Four principal geological subdivisions namely Siwalik Himalaya (SH), Lesser Himalaya (LH), Higher Himalaya (HH), and South Tibetan detachment (STD) characterize the Kumaon–Garhwal Himalayas[14]. Based on geology, the Lesser Himalaya is further sub-divided into two parts viz., inner Lesser Himalaya (ILH) and outer Lesser Himalaya (OLH) (Fig. 1a,b). While four major thrust fault systems namely Himalayan frontal thrust (MFT), main Boundary thrust (MBT), main Central thrust (MCT), and South Tibetan detachment (STD) define the tectonics of the region[6]. The boundary between SH and Indo-Gangetic plain is marked by MFT while LH is limited by MBT in the south and MCT in the north (Fig. 1a,b). The boundary between HH and LH is also defined by the MCT while the HH is separated from the ITSZ by the STD. Here, the MCT zone (MZ) is observed to be consisting of two faults namely Munsiari (MT) and Vaikrita (VT) (Fig. 1a)[14]. The main link fault for all major thrusts including many local faults in the region defines a low angle north dipping plane, separating the under-thrusting Indian plate from the overriding Eurasian plate. This detachment plane is named as the main Himalayan thrust (MHT), on which most of the major Himalayan earthquakes have occurred. Besides, some NE-striking transverse basement ridges (like the Delhi-Haridwar ridge (HDR), the Faizabad ridge (FZR), and the Munger-Saharsa ridge) in the Ganga basin have been reported[15]. The DHR has been inferred to be extended below the Higher Himalaya, resulting in the creation of Tibetan graben[15].

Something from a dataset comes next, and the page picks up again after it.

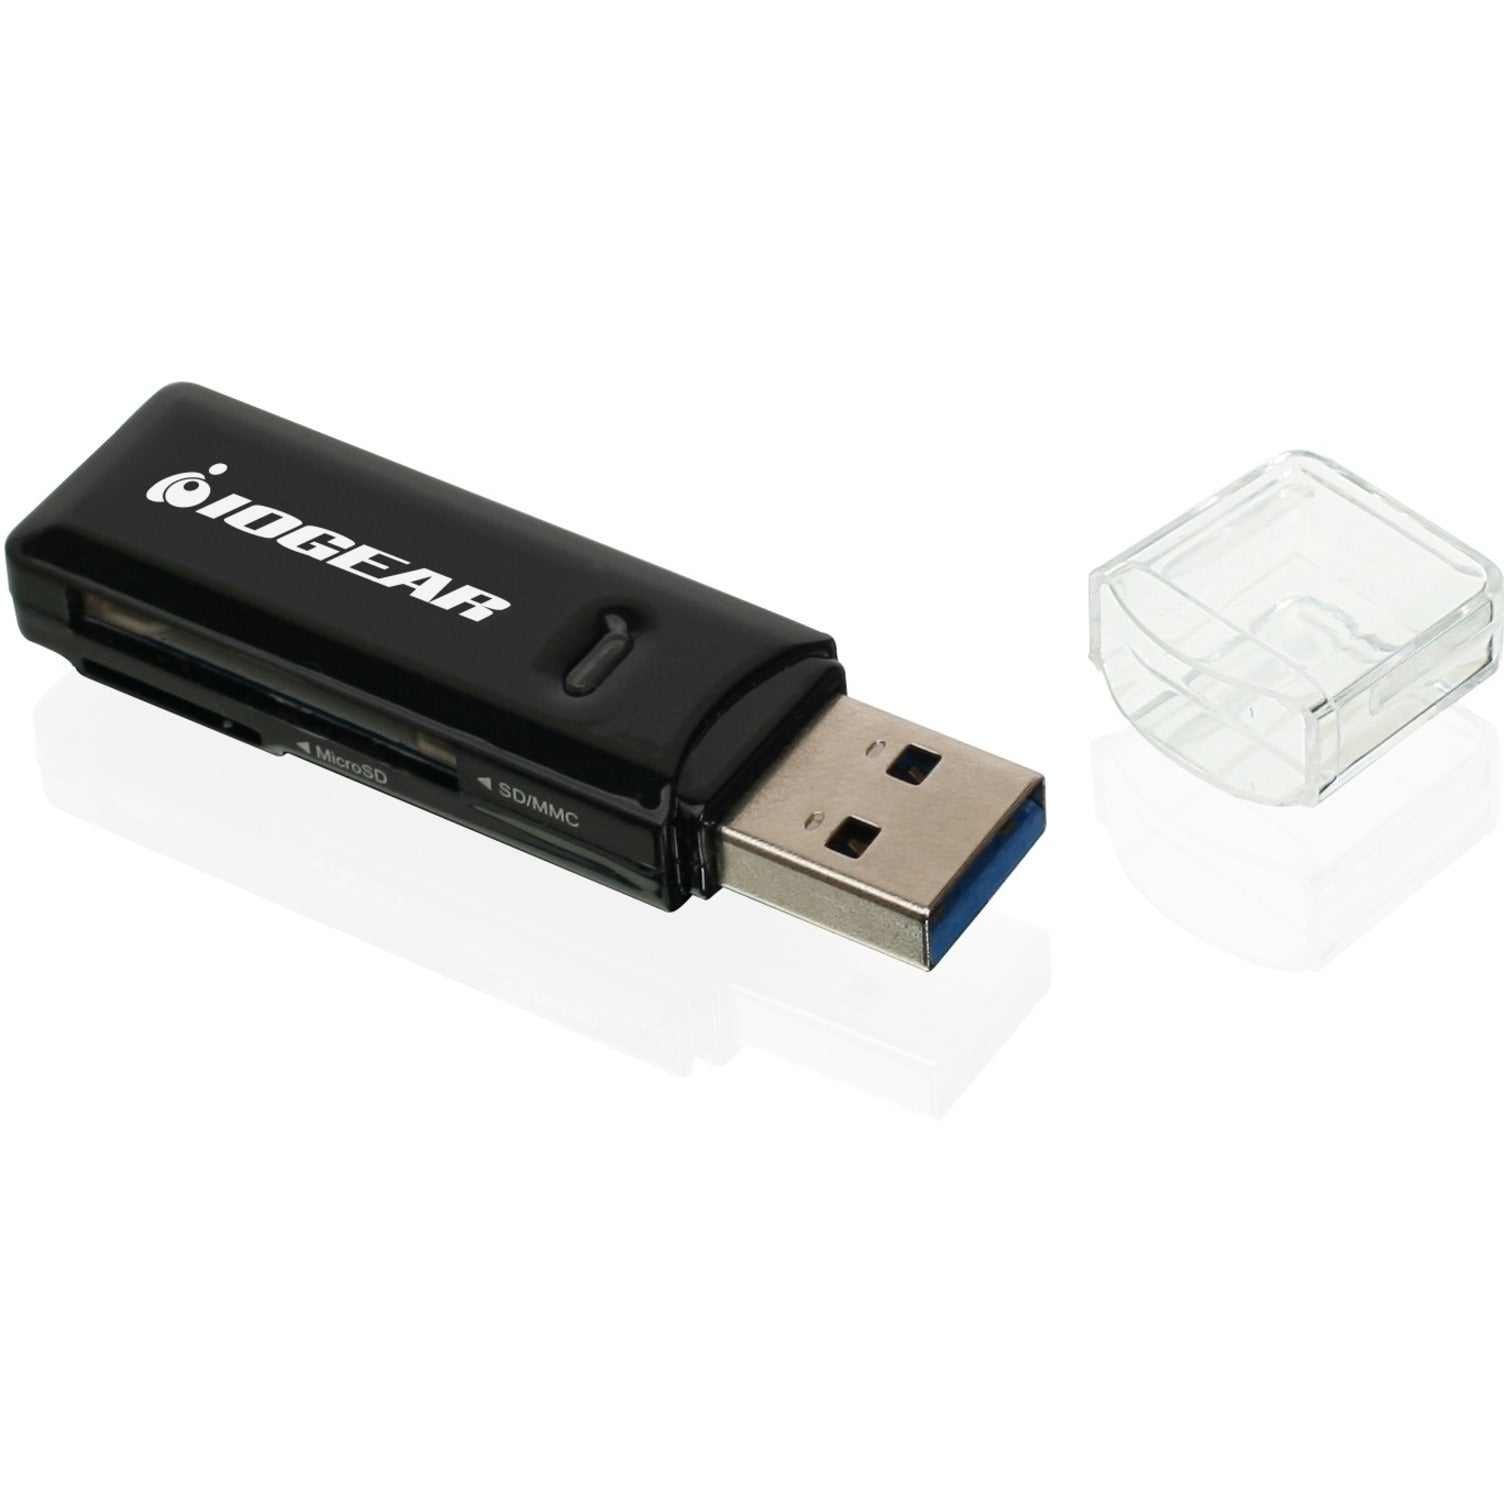 IOGEAR GFR305SD Compact USB 3.0 SDXC/MicroSDXC Card Reader/Writer, High-Speed Data Transfer and Easy File Management

Modelling of P-receiver functions

The adequate coverage of broadband stations in the Uttarakhand Himalaya has been possible for the first time by the deployment of 42 mobile 3-component broadband seismographs in October 2017, which enabled us to study the nature of Moho and average Vp/Vs ratio[16], beneath the individual seismograph location in the region. In the present study, for estimating PRFs, we used the best quality digital waveforms of 104 good teleseismic earthquakes of magnitudes ≥ 5.5, with high signal-to-noise ratio and clear P-arrivals (with back azimuth between 38° and 300°, epicenters between 30°S and 90°N, and ray parameters ranging from 0.040 to 0.080 s/km) (Figs. 1c and S1). First, the two horizontal components of seismograms are rotated using the back-azimuths to determine the radial and transverse components of the seismograms, which are then used to estimate the radial and transverse RFs using the iterative time domain deconvolution procedure of Ligorria and Ammon[17] with 200 iterations. In the time domain deconvolution, the frequency content of the RF is controlled by the Gaussian filter parameter 'a'. Here, a Gaussian width factor, a = 2.5 (f < 1.25 Hz), is considered for estimating high frequency RFs for each event, which provides better recognition of Moho conversion and multiples. Finally, those deconvolutions that reproduced less than 90% of the signal energy on the radial component (when convolved back with the vertical trace) are discarded. Here, we use 1500 radial P-receiver functions showing clear P-to-s conversions associated with the Moho and other crustal multiples (Fig. S1), from 42 broadband stations in the Uttarakhand region (Fig. 1a), to conduct the H–K stacking of P-RFs (Fig. 2a–l, see Supplementary Figs. S1-5).

Figure 2

Plots of individual RFs as a function of the horizontal slowness after distance moveout correction for the Ps phase to a reference distance of 67◦ and slowness 6.4 s deg−1, for 15 broadband sites in the KG Himalaya, (a) GAI, (b) GDM, (c) GHAN, (d) GHAT, (e) GOPE, (f) HLD, (g) JOS, (h) KAL, (i) KAP, (j) KAN, (k) KAPG, and (l) KSN. The PRFs at each station show strong azimuthal variation. The conversions from Moho and crustal multiples are marked by solid black lines.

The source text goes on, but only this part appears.